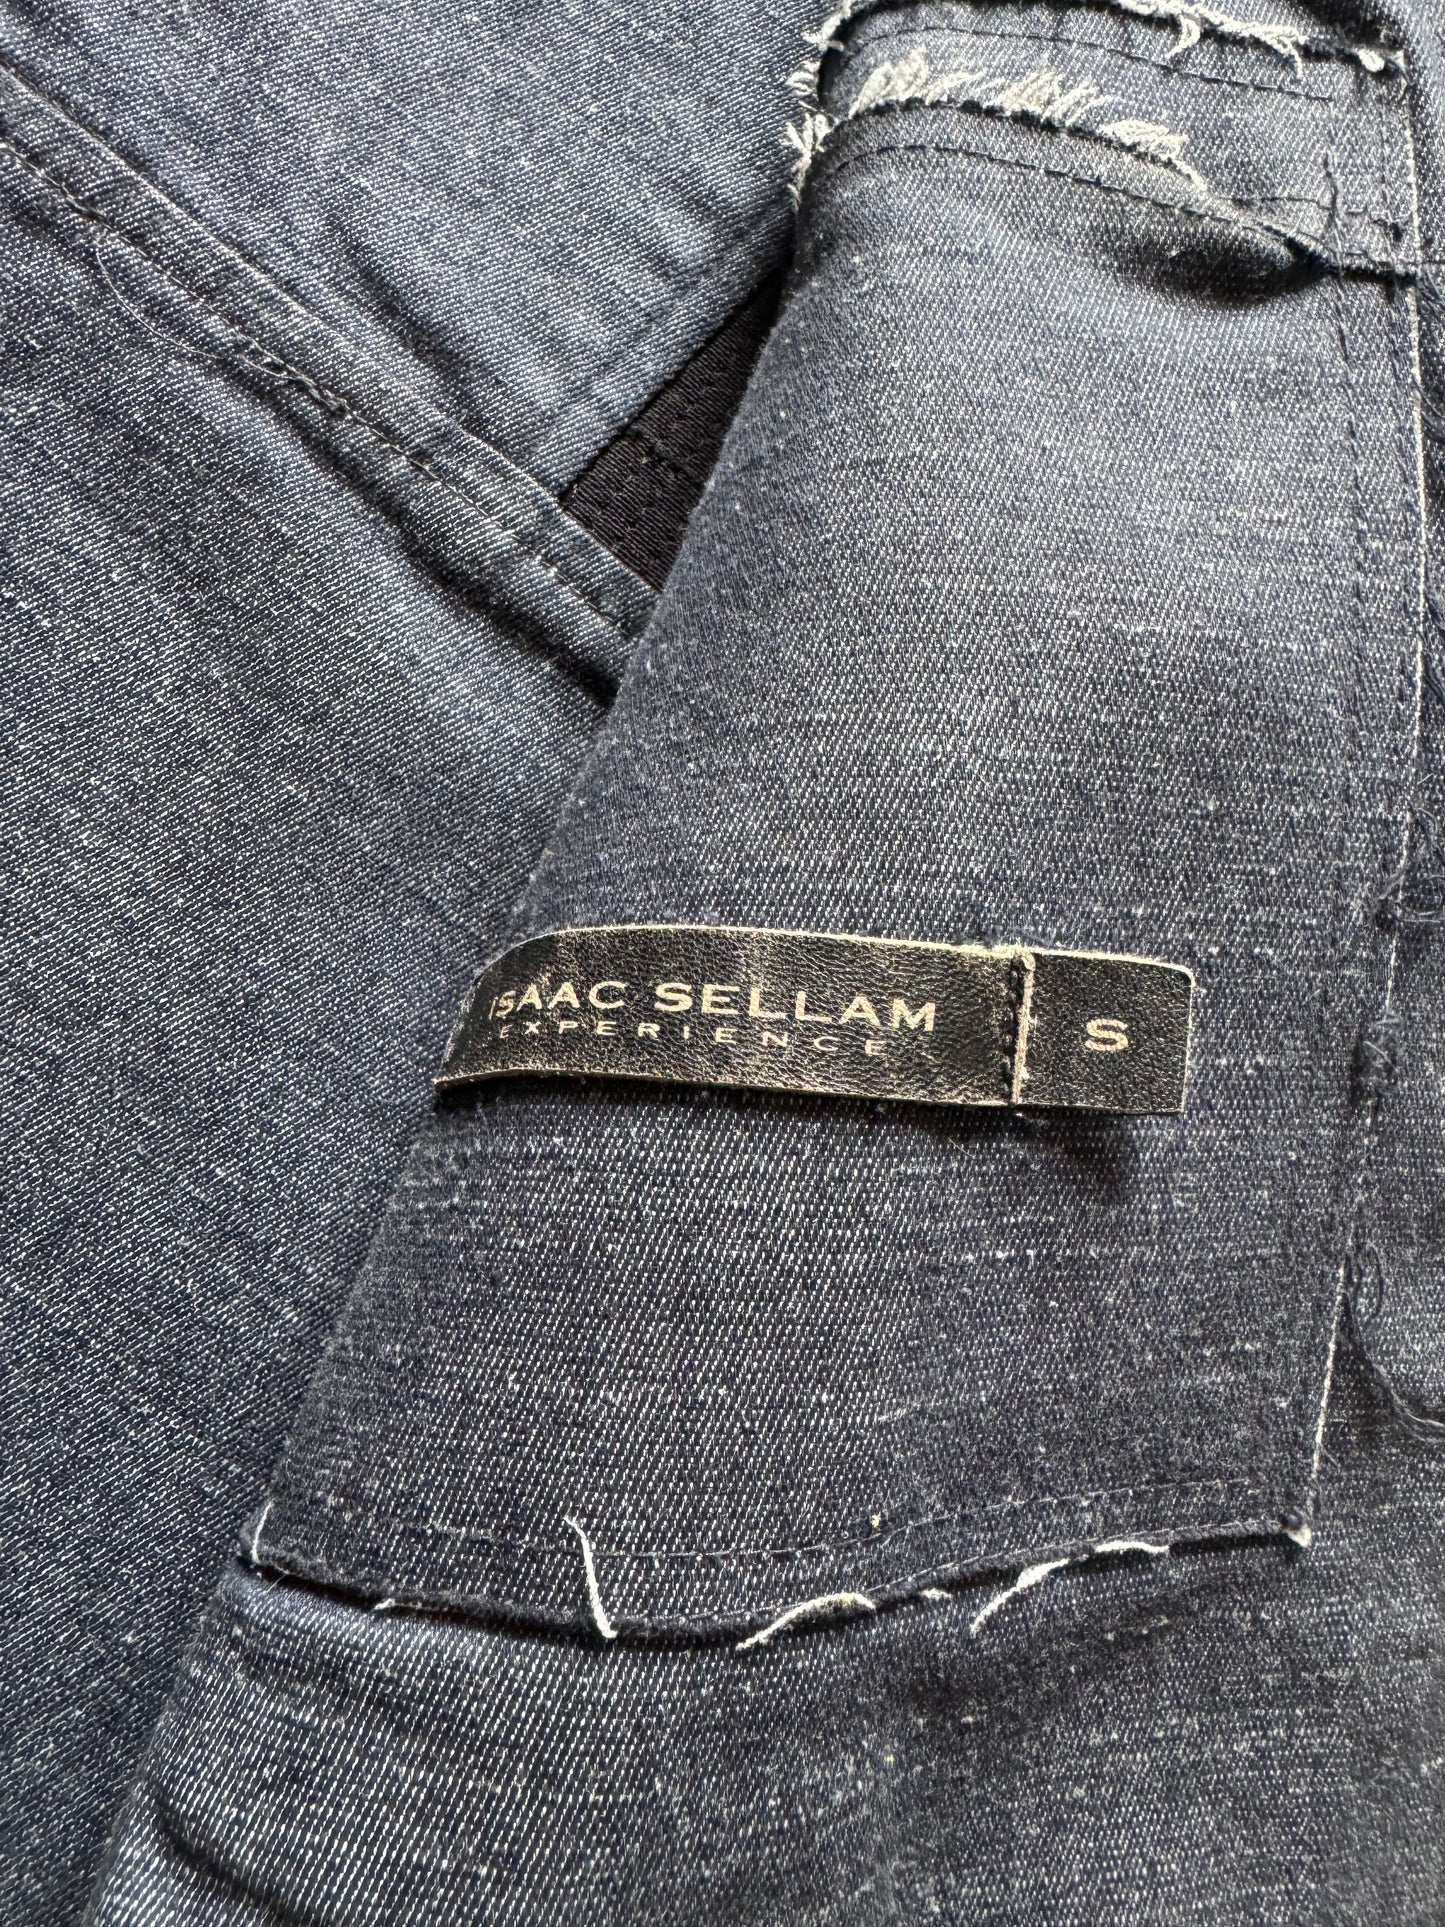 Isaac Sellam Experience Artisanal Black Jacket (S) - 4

####################

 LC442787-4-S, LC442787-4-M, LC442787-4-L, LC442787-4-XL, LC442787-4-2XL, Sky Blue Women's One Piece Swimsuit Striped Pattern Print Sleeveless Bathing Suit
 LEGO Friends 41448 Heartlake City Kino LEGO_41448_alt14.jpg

####################

**THE TASK**. Set down only the lines above that fall between the line holding "Sleeveless Bathing Suit" and the line holding "LEGO Friends 41448", inclusive, keeping each exact.

**SOLVED EXERCISE**.
 LC442787-4-S, LC442787-4-M, LC442787-4-L, LC442787-4-XL, LC442787-4-2XL, Sky Blue Women's One Piece Swimsuit Striped Pattern Print Sleeveless Bathing Suit
 LEGO Friends 41448 Heartlake City Kino LEGO_41448_alt14.jpg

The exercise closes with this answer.